— WHAT THE TASK ASKS —
Only the text should come through, so restate the listing exactly and drop its images.

— MATERIAL PROVIDED —
# # # #
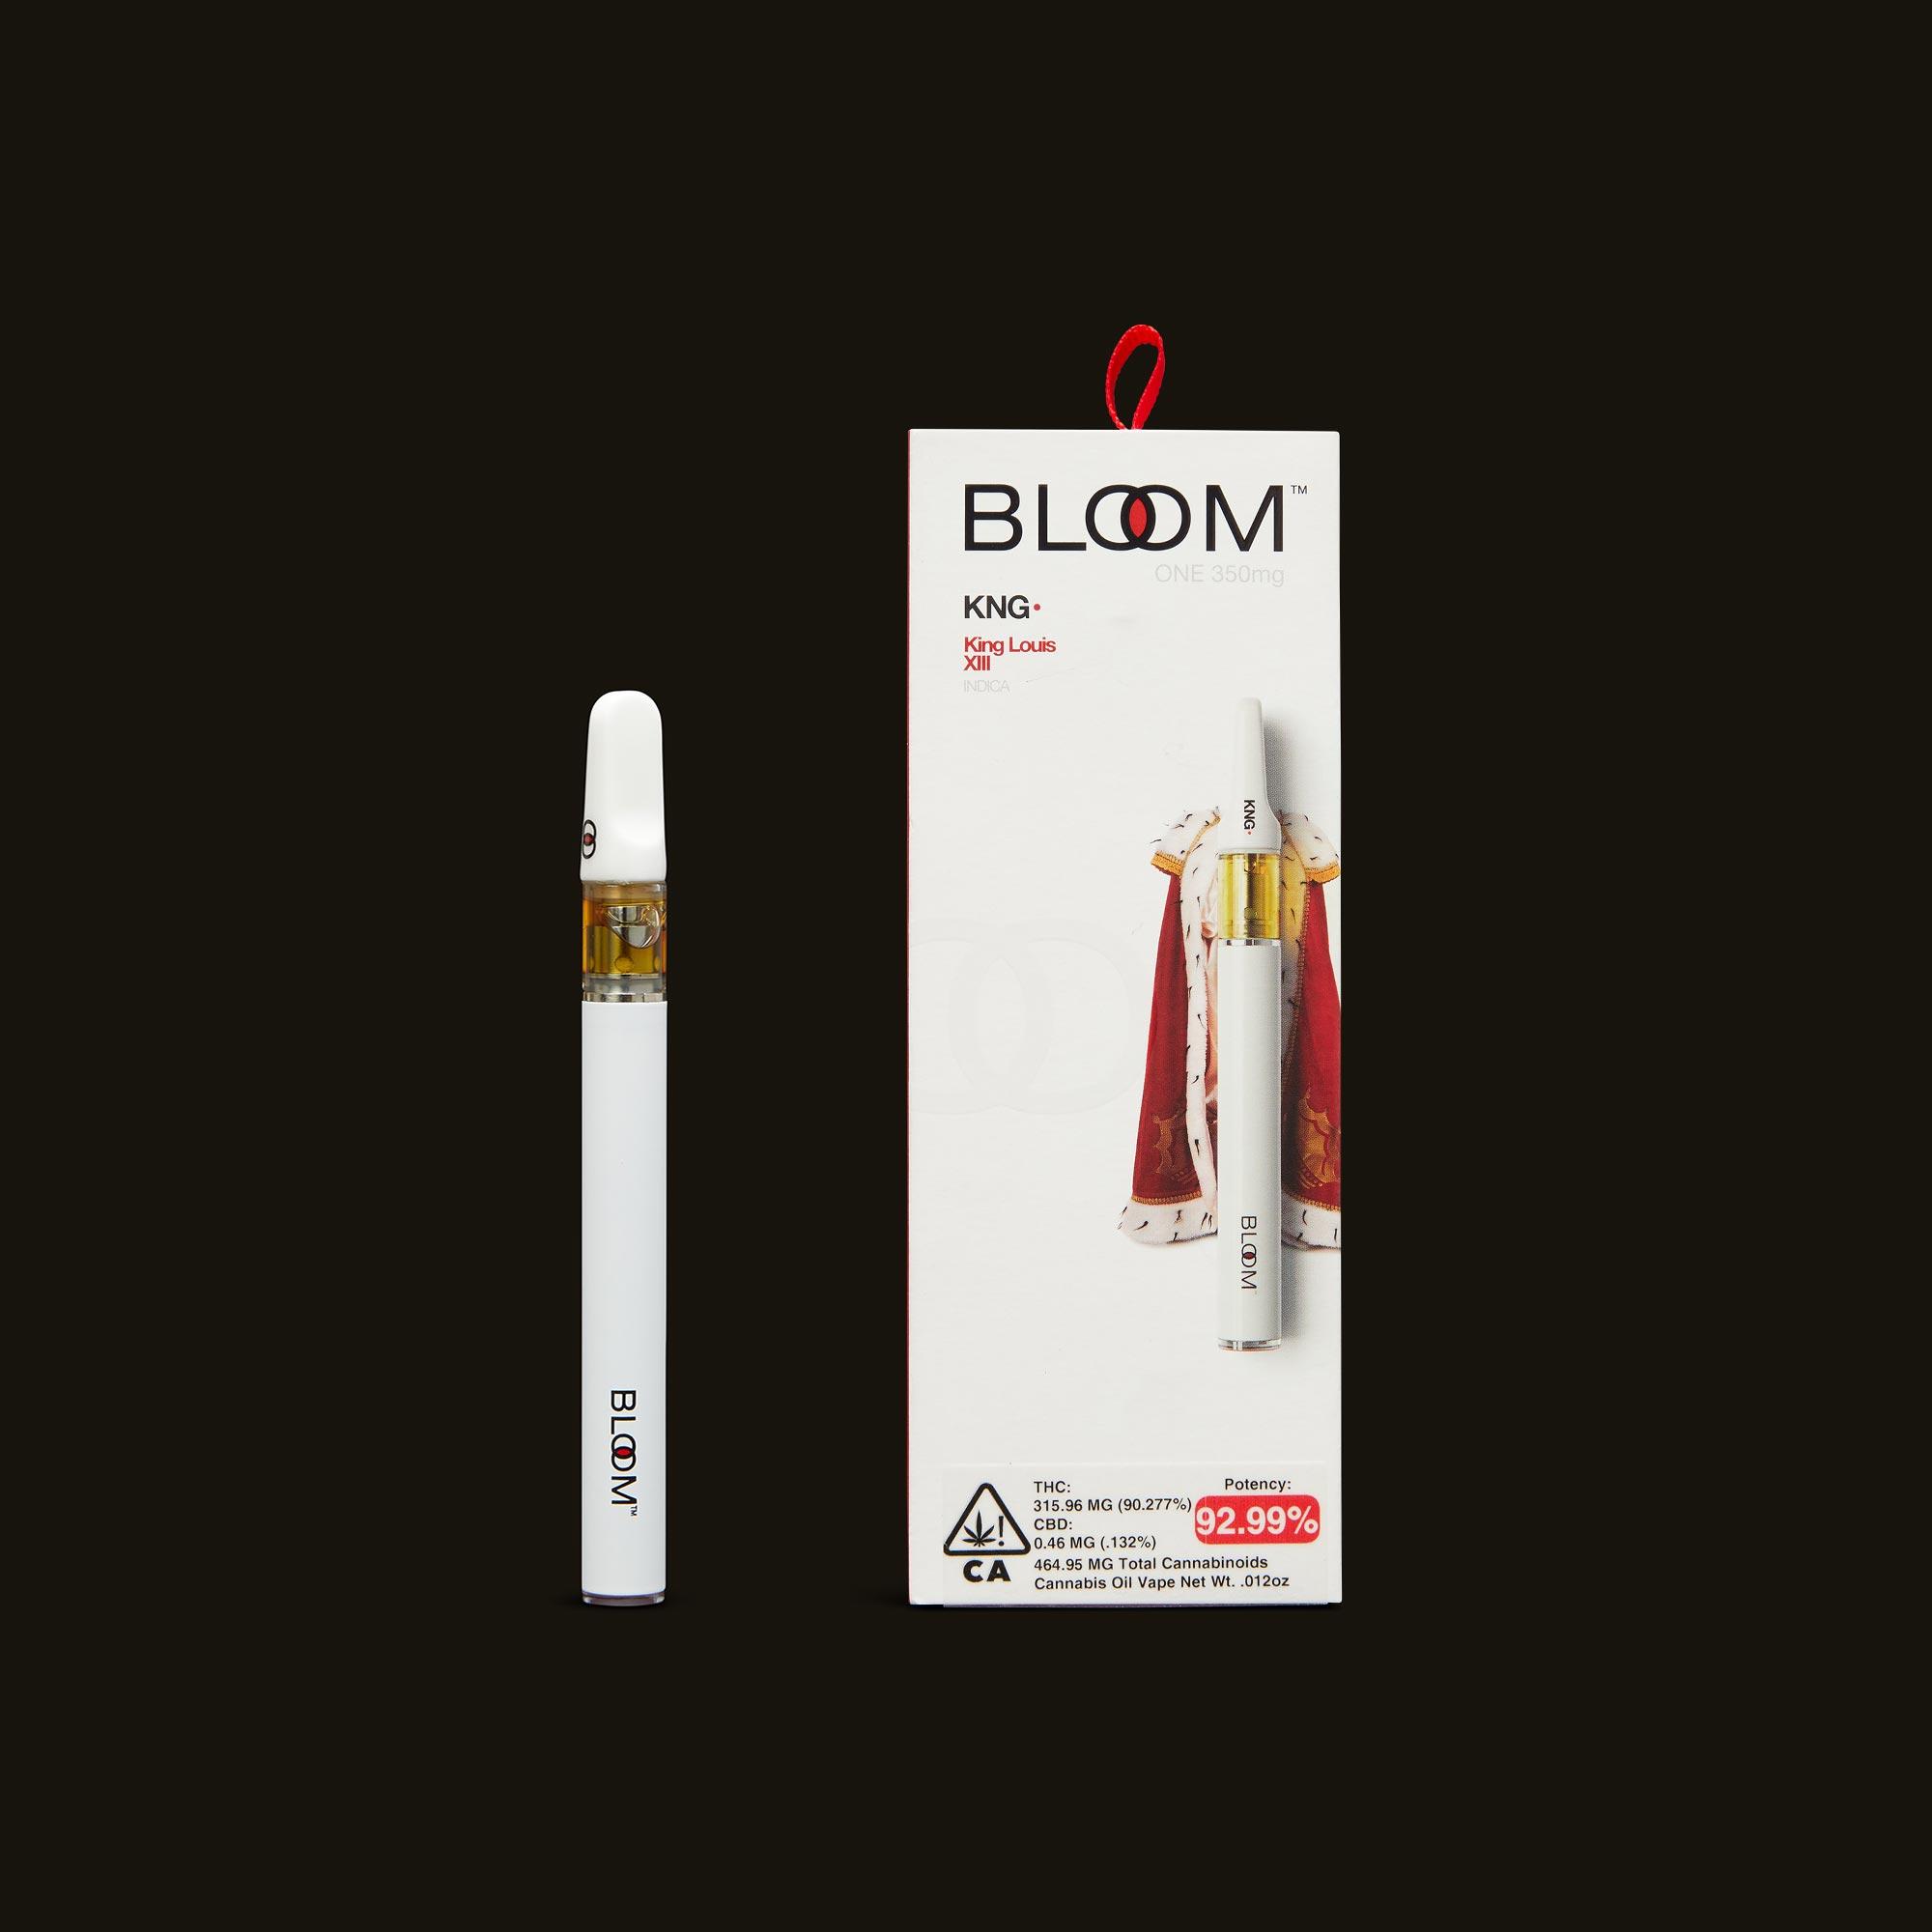 Bloom Brands King Louis XIII Bloom One
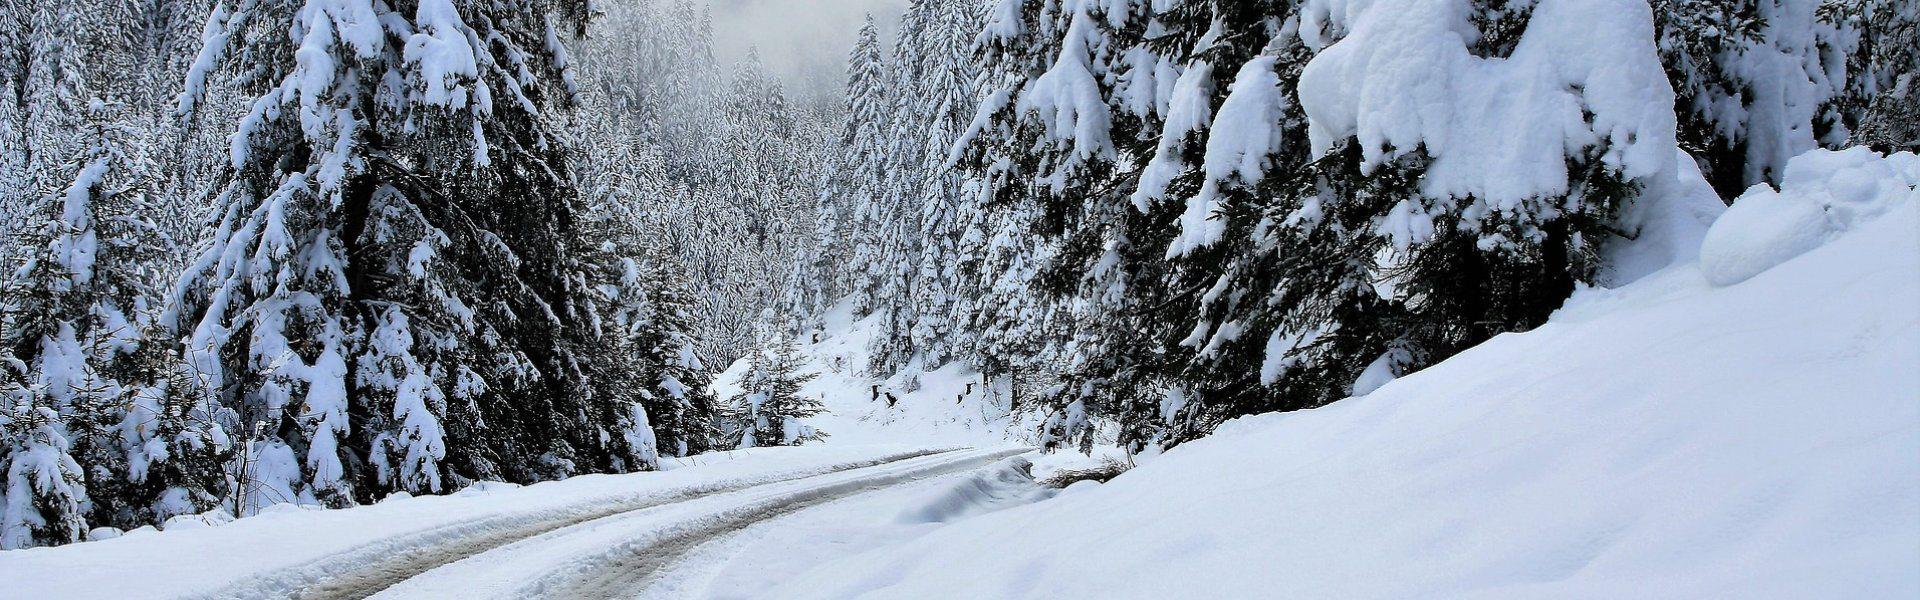 Sneeuwkettingen voor de Renault Megane
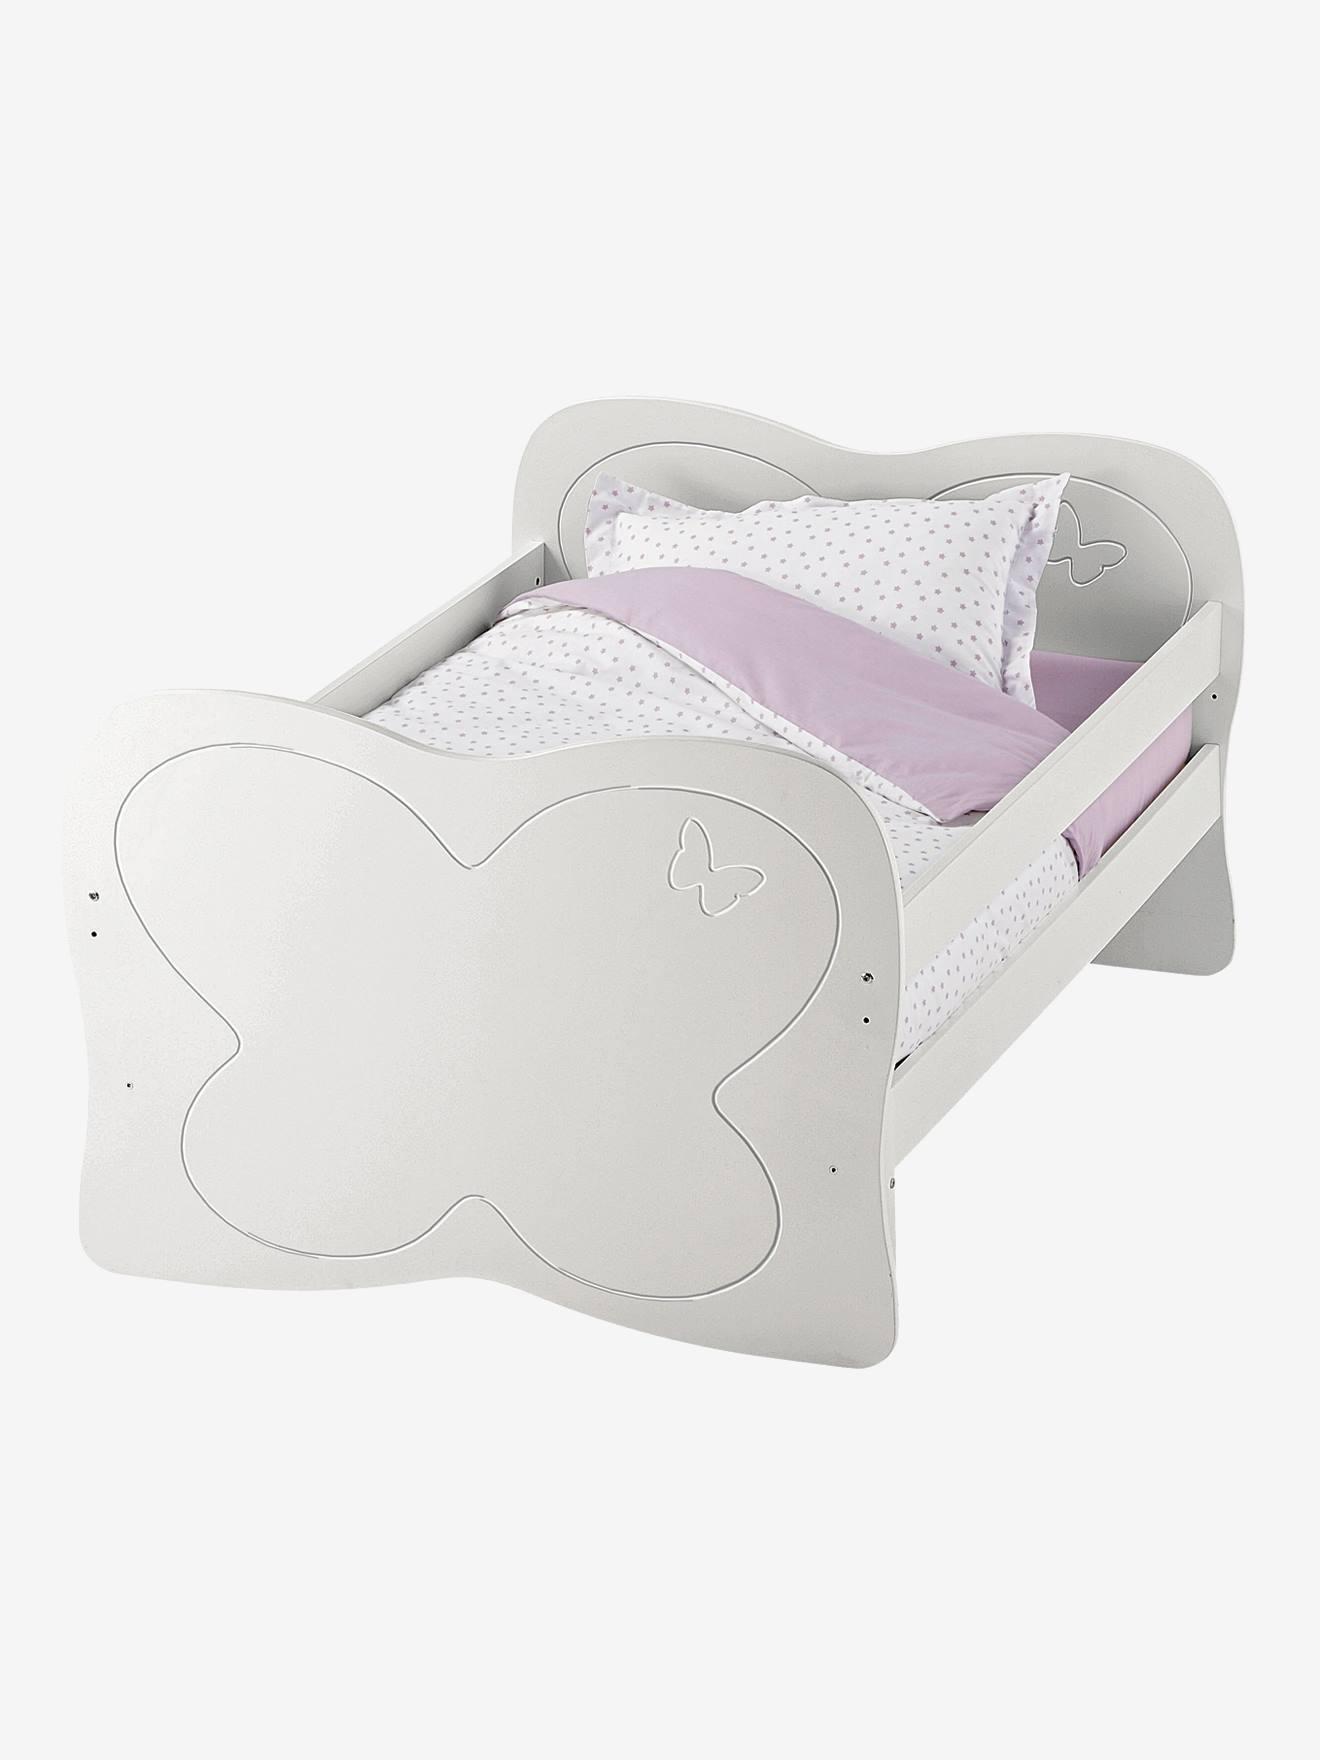 lit evolutif but lit evolutif enfants lit evolutif alinea. Black Bedroom Furniture Sets. Home Design Ideas
# # # #
— RESPONSE TO THIS EXERCISE —
 Bloom Brands King Louis XIII Bloom One
 Sneeuwkettingen voor de Renault Megane
 lit evolutif but lit evolutif enfants lit evolutif alinea. Black Bedroom Furniture Sets. Home Design Ideas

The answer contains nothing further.